February 29, 2024

Google Gemini

Google apologized [last] Friday for its faulty rollout of a new artificial intelligence image-generator, acknowledging that in some cases the tool would ‘overcompensate’ in seeking a diverse range of people even when such a range didn’t make sense…

“The partial explanation for why its images put people of color in historical settings where they wouldn’t normally be found came a day after Google said it was temporarily stopping its Gemini chatbot from generating any images with people in them. That was in response to a social media outcry from some users claiming the tool had an anti-white bias in the way it generated a racially diverse set of images in response to written prompts…

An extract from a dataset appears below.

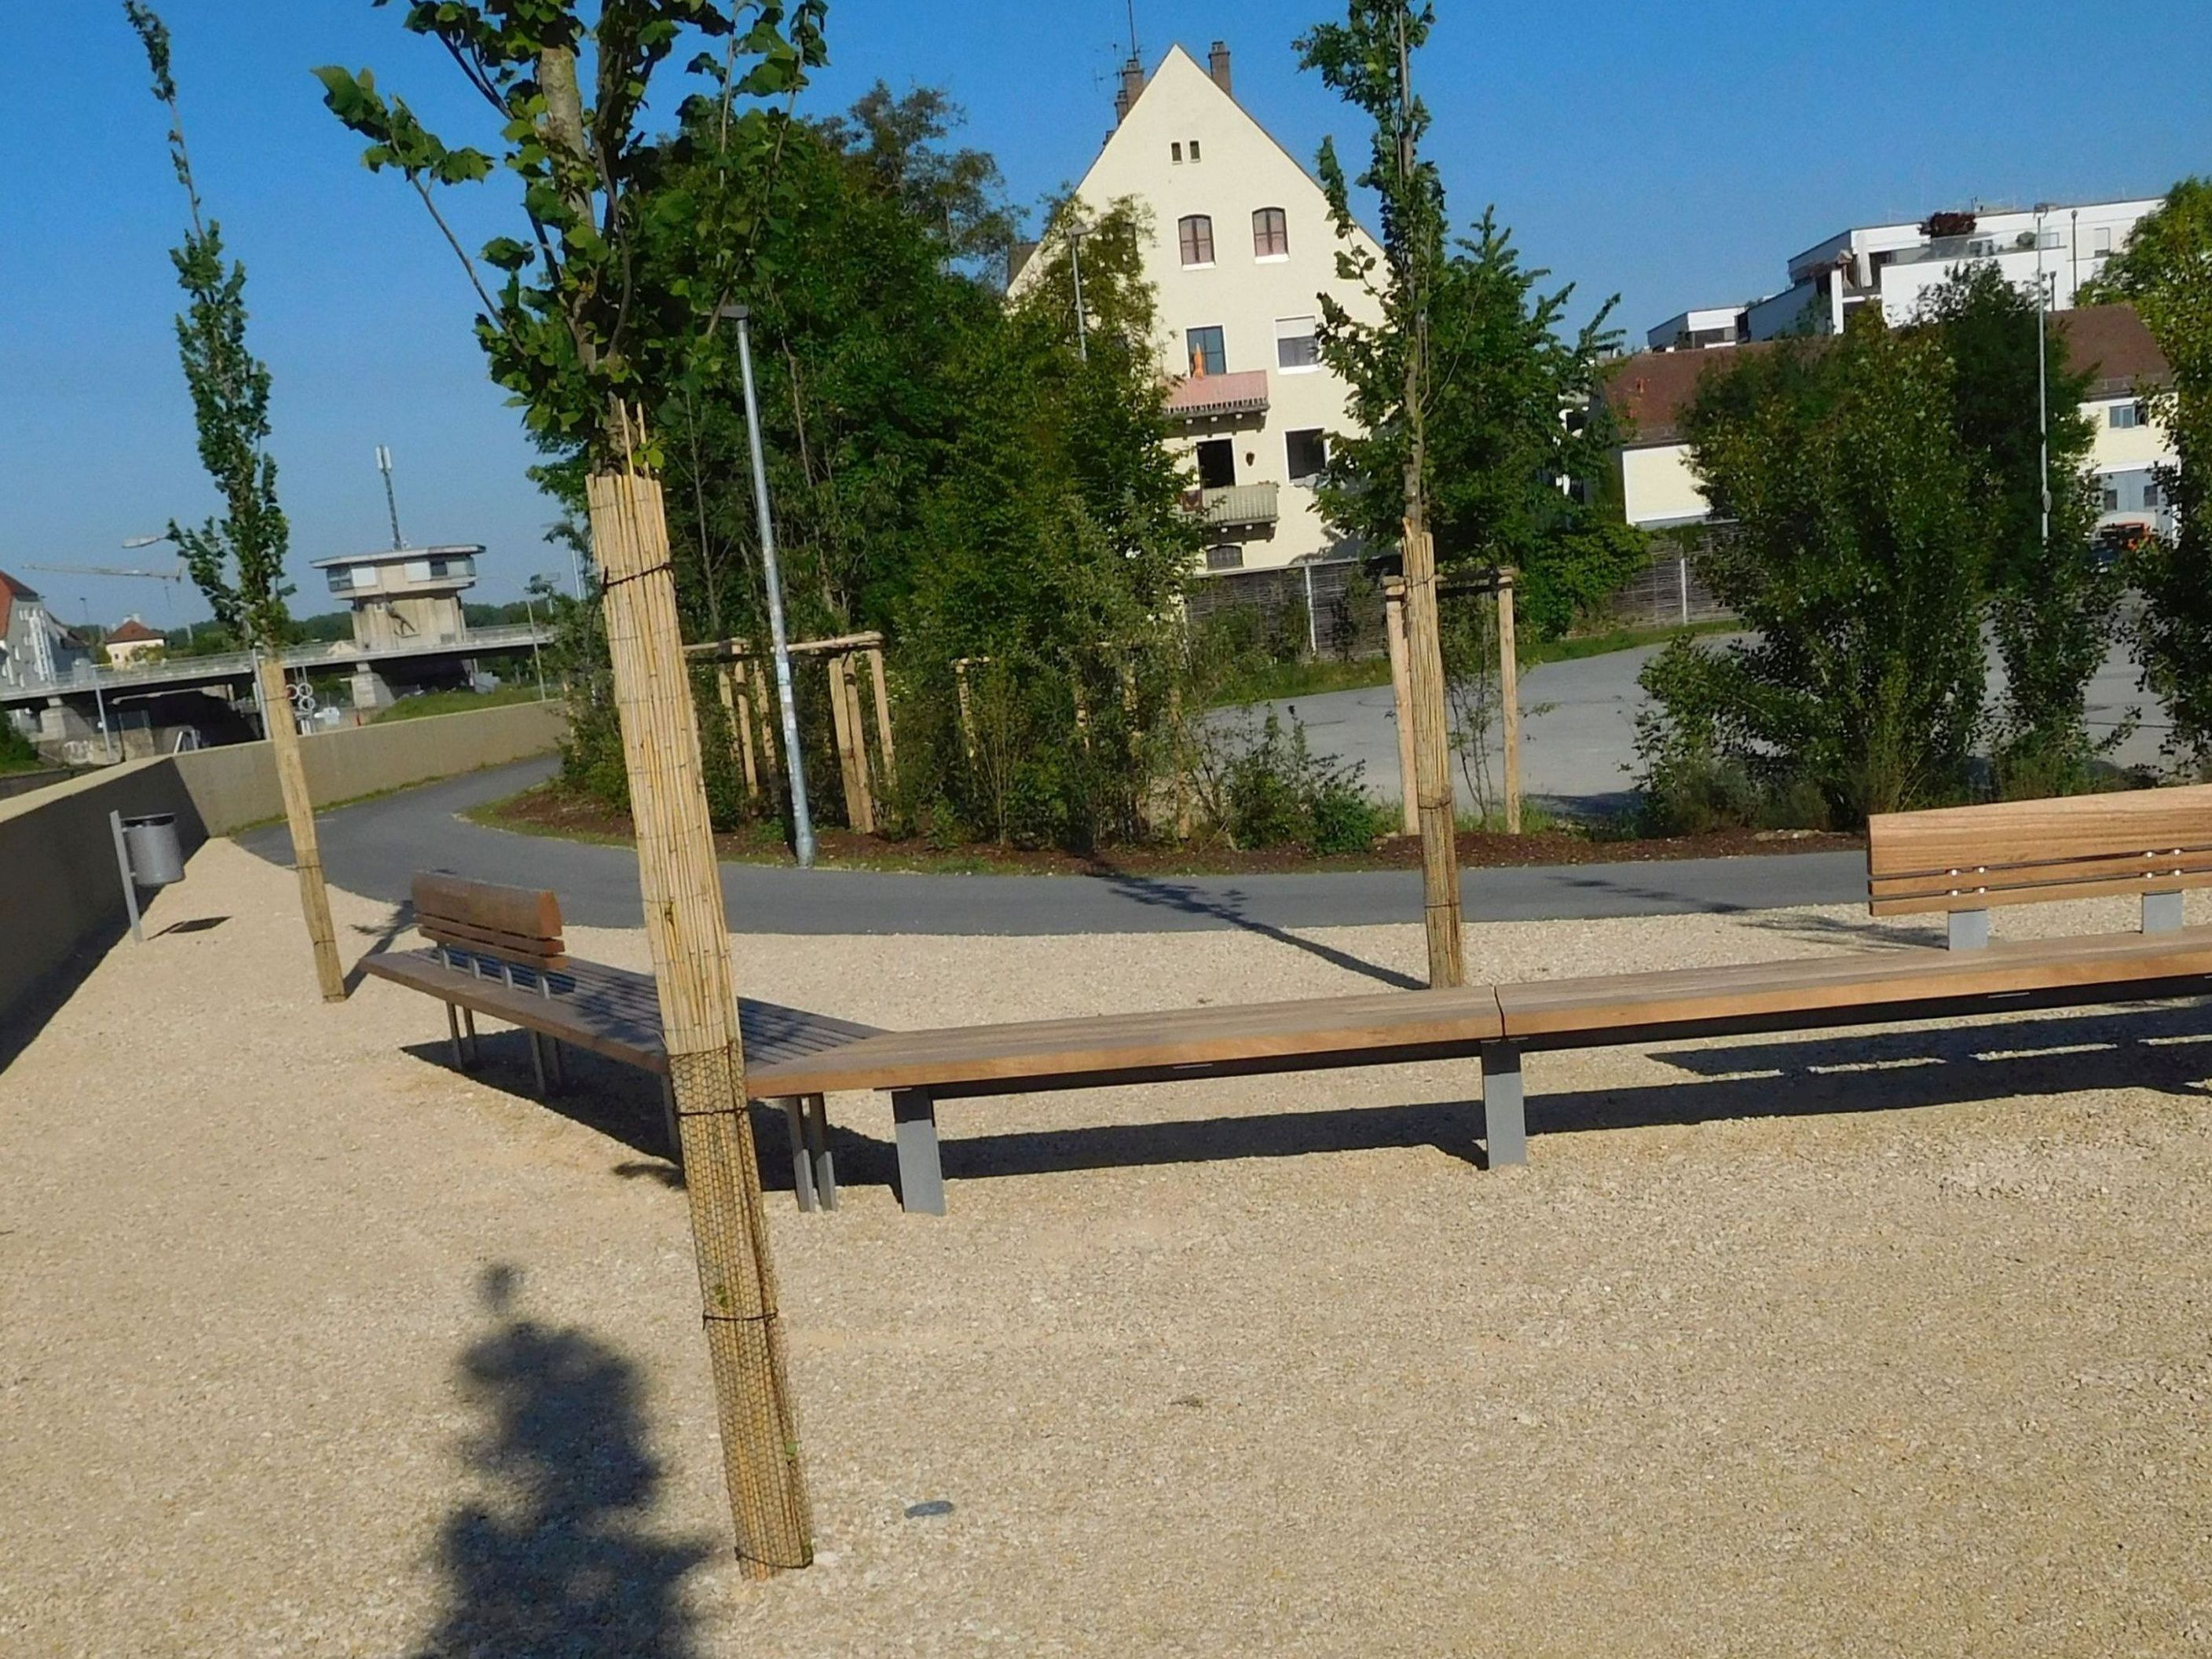 Die Ecke der Mündung des Flusses Regen in die Donau mit neu angelegtem, asphaltierten Radweg, einer Sitzbank in L Form aus Holz und neuer Bepflanzung bei blauem Himmel, Häuser im Hintergrund

“[Examples] that drew attention on social media this week were images that depicted a Black woman as a U.S. founding father and showed Black and Asian people as Nazi-era German soldiers.” AP News

Both sides argue that AI is clearly not yet ready to replace humans:

“For now, at least, generative AI absolutely should not be used to create learning materials for our schools, breaking stories in our newspapers, or be anywhere within a 10,000-mile radius of our government. It turns out the business of interpreting the billions of bits of information online to arrive at rational conclusions is still very much a human endeavor. It is still very much a subjective matter, and there is a real possibility that no matter how advanced AI becomes, it always will be…

“This may be a hard pill to swallow for companies that have invested fortunes in generative AI development, but it is good news for human beings, who can laugh at the fumbling failures of the technology and know that we are still the best arbiters of truth. More, it seems very likely that we always will be.”

David Marcus, Fox News

Image generators are profoundly strange pieces of software that synthesize averaged-out content from troves of existing media at the behest of users who want and expect countless different things. They’re marketed as software that can produce photos and illustrations — as both documentary and creative tools — when, really, they’re doing something less than that…

“That leaves their creators in a fitting predicament: In rushing general-purpose tools to market, AI firms have inadvertently generated and taken ownership of a heightened, fuzzy, and somehow dumber copy of corporate America’s fraught and disingenuous racial politics, for the price of billions of dollars, in service of a business plan to be determined, at the expense of pretty much everyone who uses the internet. They’re practically asking for it.”